I can’t count how many times I have written about this issue in the past, here and on other online forums.
Because this site is mainly about GPS tracking I get a lot of visitors who are highly polarized … for or against the government being able to track citizen’s positions and past movements via cell-phone based GPS or discrete GPS systems that might be in use by the subject of an investigation.
But folks, if you are deeply concerned about privacy and personal freedoms, you better shift the focus of your campaign away from the GPS system and start looking at the original big picture.
We could shut off the GPS in the interest of privacy today and government agencies would still be able to snoop and record tremendous amounts of data on anyone who even turns on their cell phone.
You don’t have to actually use the cell phone, and your cell phone does not need to be equipped with GPS. “Big Brother” still knows and now he has even more authority to snoop and keep snooping … GPS or no GPS.
A federal appeals court said Tuesday the government may obtain cell-site information that mobile phone carriers retain on their customers without a probable-cause warrant under the Fourth Amendment.
The decision by the 3rd U.S. Circuit Court of Appeals (.pdf) was not, however, an outright Obama administration victory.
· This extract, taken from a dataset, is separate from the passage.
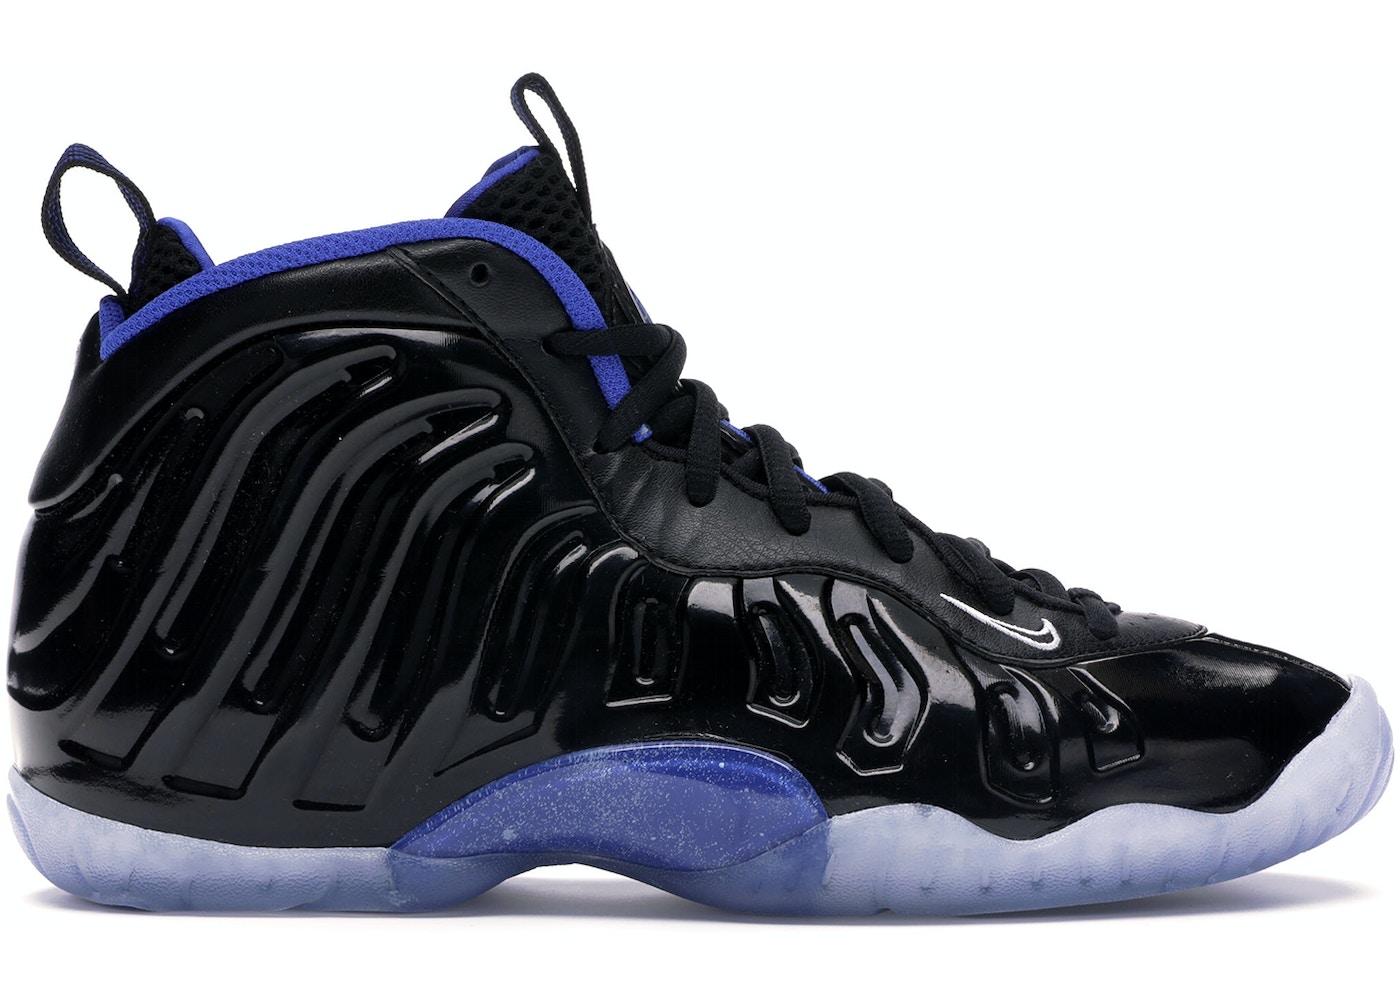 half off b7193 3a2c5 Buy Nike Foamposite Shoes & Deadstock Sneakers

Lower courts, the three-judge panel wrote, could demand the government show probable cause — the warrant standard — before requiring carriers to release such data to the feds.
The opinion does leaves the privacy issue in a legal limbo of sorts. The standard by which the government can access such records — which can be used in criminal prosecutions — is left to the whims of district court judges. Historical cell-site location information, which carriers usually retain for about 18 months, identifies the cell tower to which the customer was connected at the beginning of a call and at the end of the call.
Lower courts across the country have issued conflicting rulings on the topic and will continue to do so without appellate guidance or congressional action. The Philadelphia-based court was the first appeals court to address the issue.
The Obama administration argued a judge could force a carrier to produce cell-site data on a showing that the information was “relevant and material” to an investigation.